## EXERCISE GOAL
Return the listing below exactly, with the pictures dropped.

## PROVIDED DATA
--- START ---

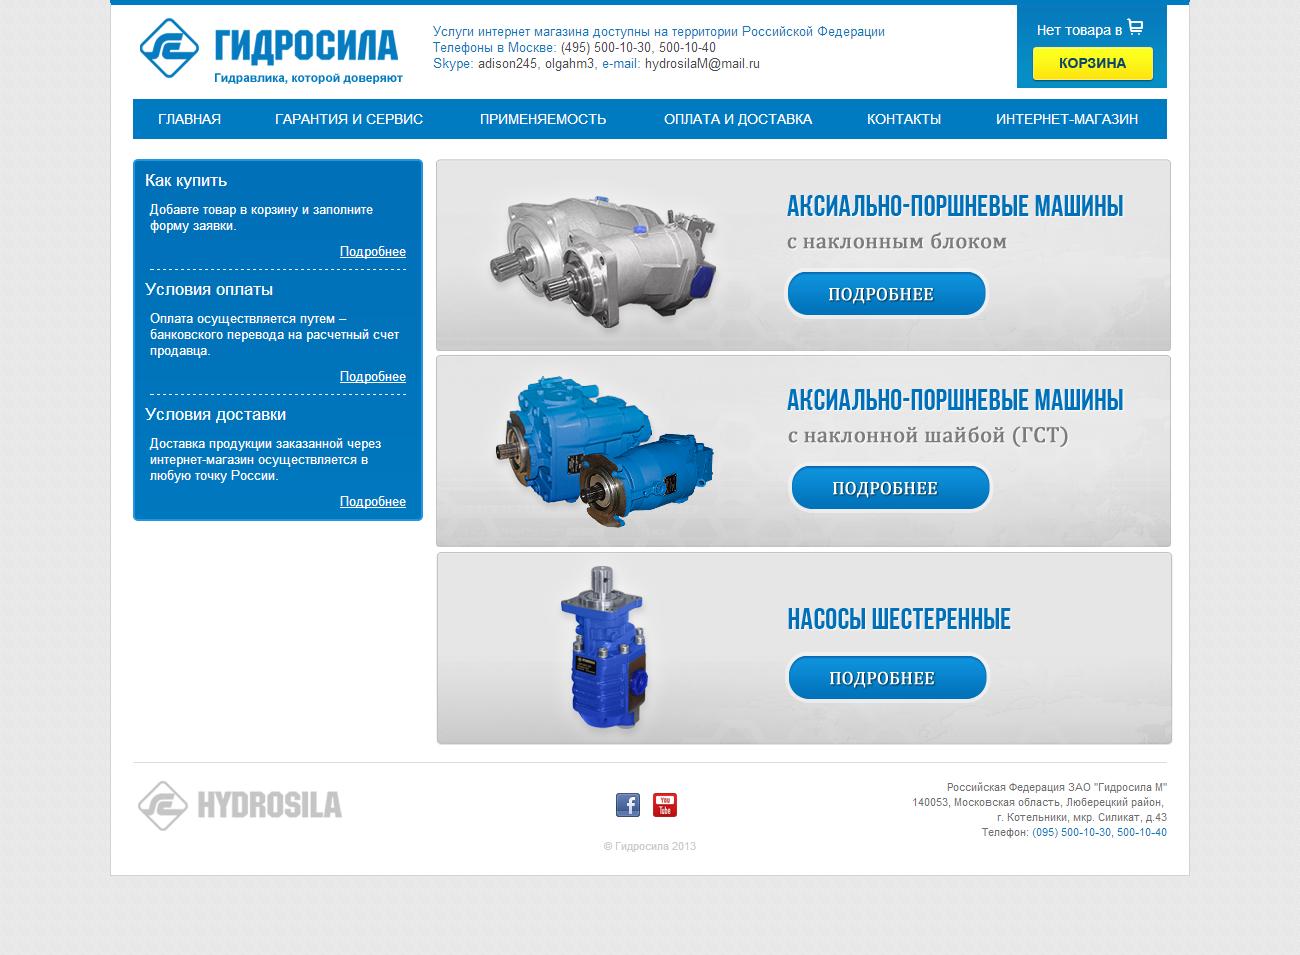 """ЗАО """"Гидросила М"""" - производитель гидравлических силовых машин"""
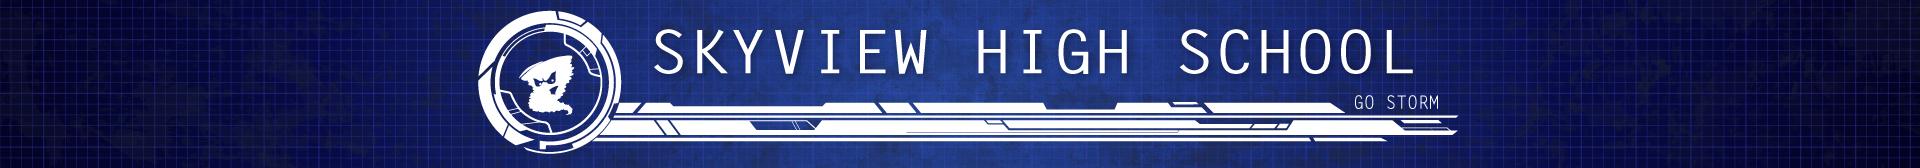 Skyview High School Banner
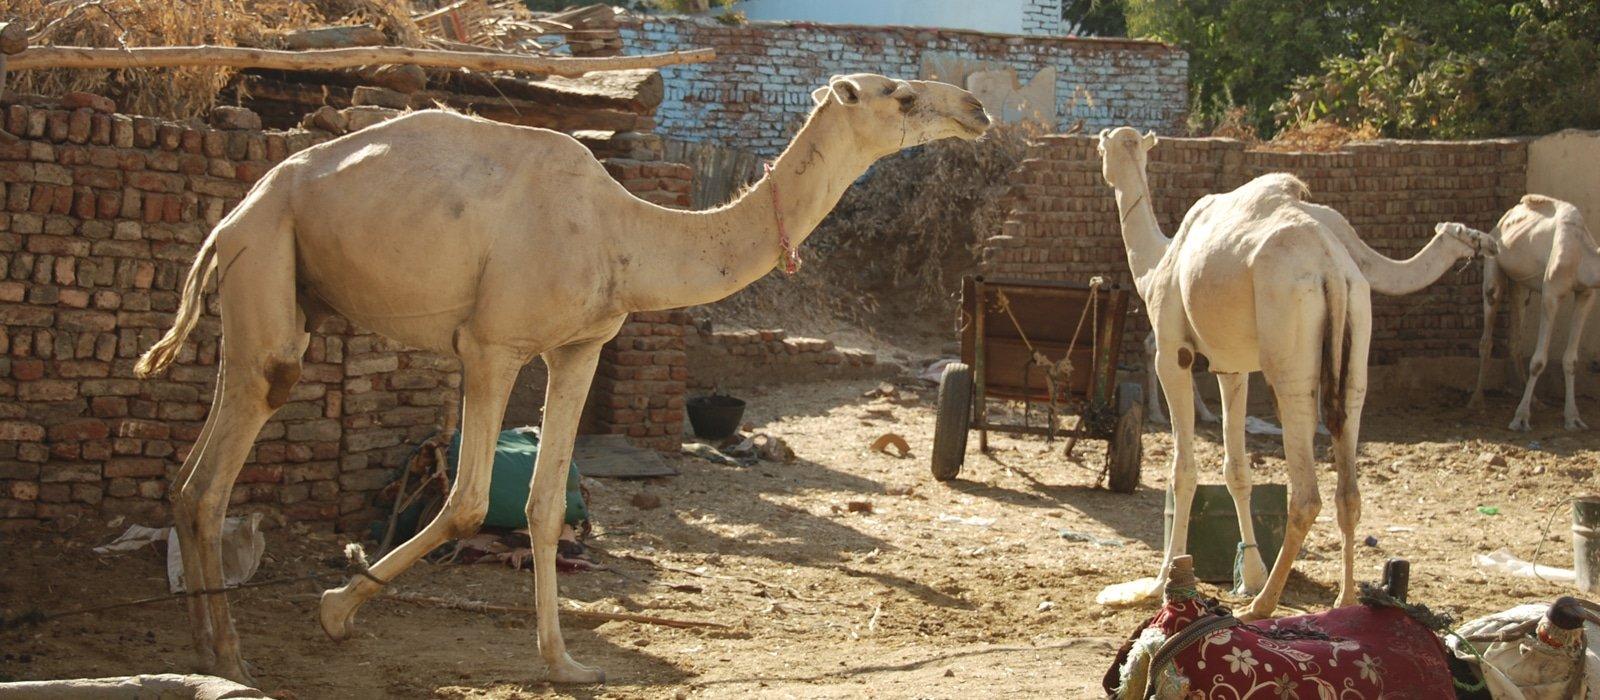 Voyage organisé en petit groupe - rive gauche Luxor - Egypte - Agence de voyage Les Routes du Monde
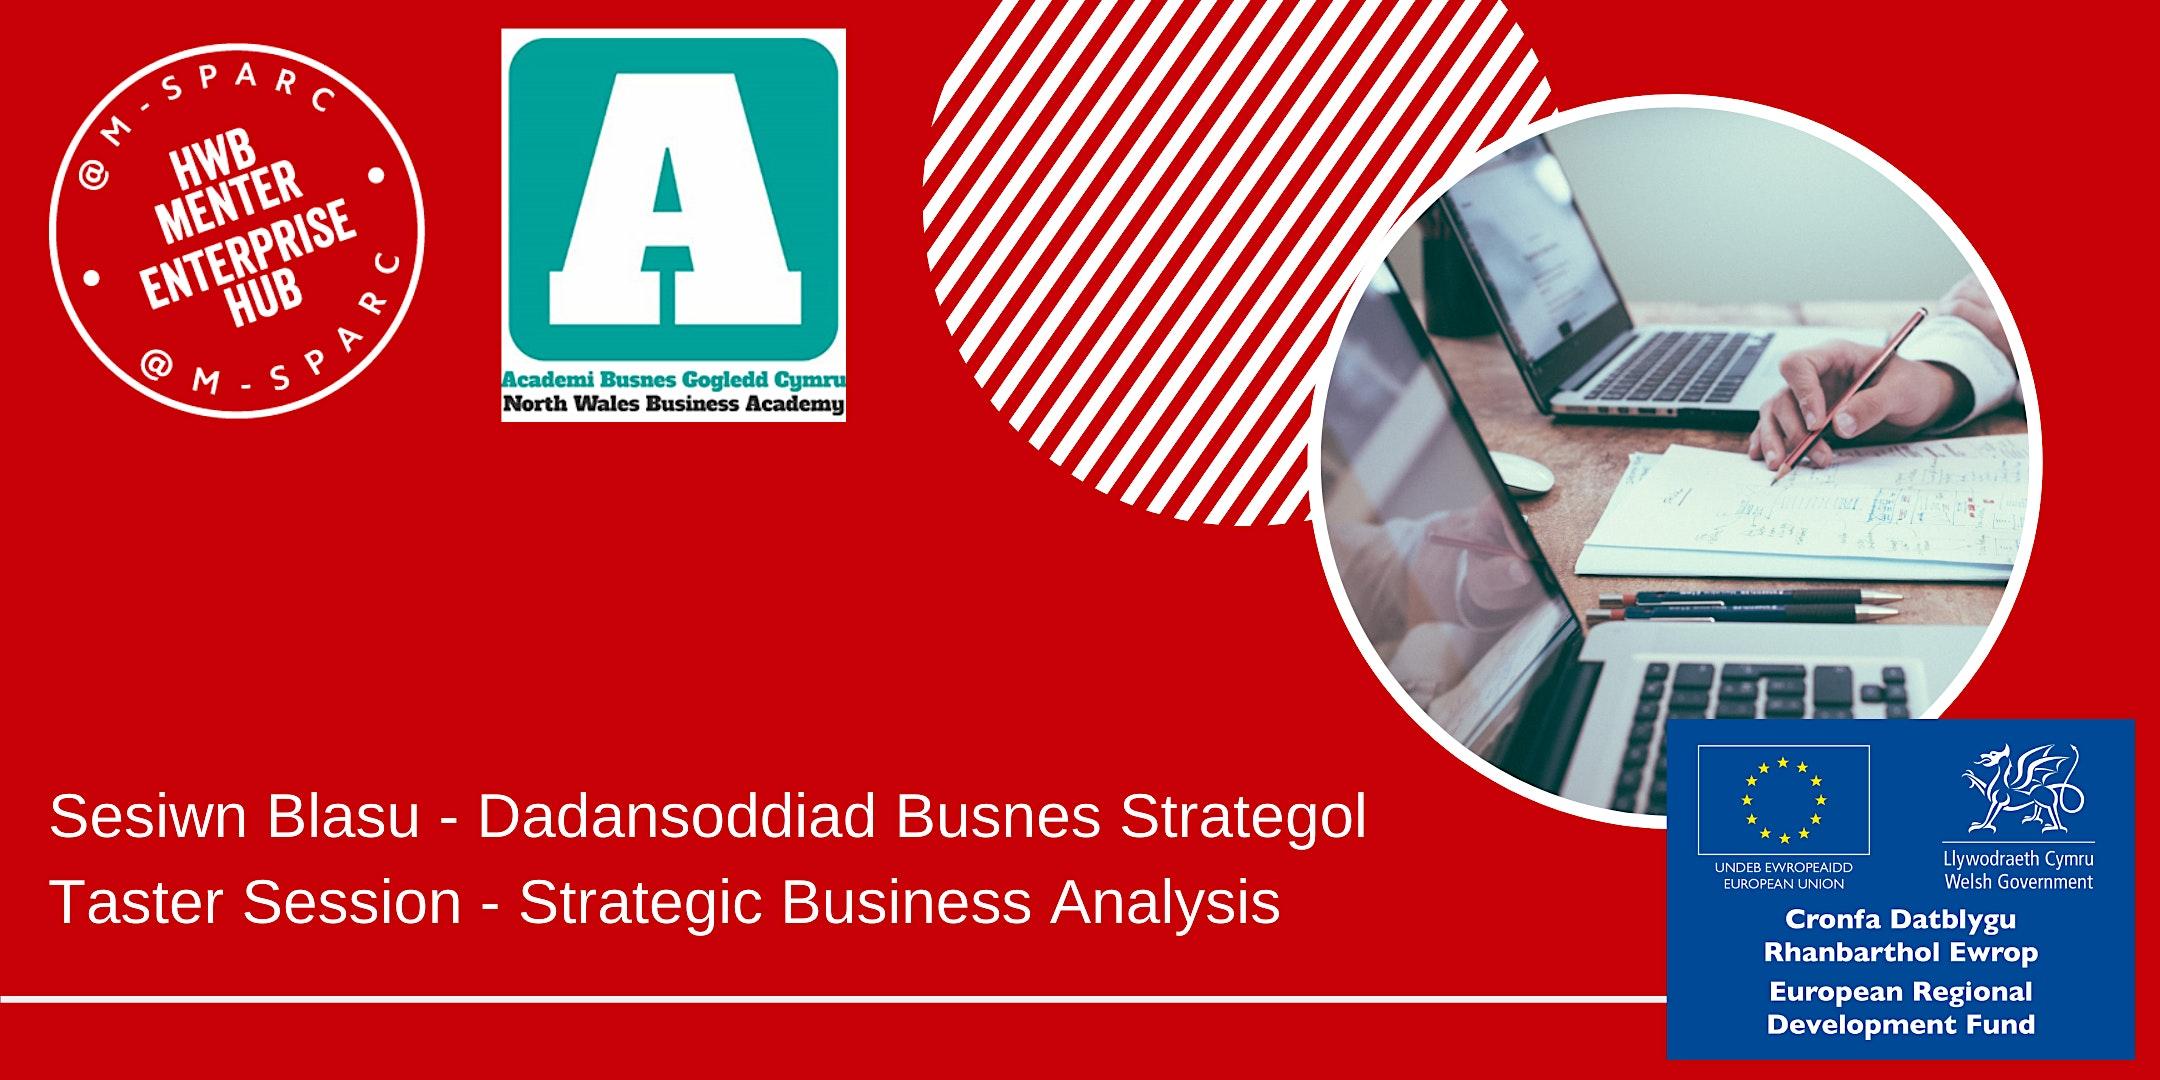 Dadansoddiad Busnes Strategol/Strategic Business Analysis - Taster

--- END ---

## SOLUTION TO THE EXERCISE
 """ЗАО """"Гидросила М"""" - производитель гидравлических силовых машин"""
 Skyview High School Banner
 Voyage organisé en petit groupe - rive gauche Luxor - Egypte - Agence de voyage Les Routes du Monde
 Dadansoddiad Busnes Strategol/Strategic Business Analysis - Taster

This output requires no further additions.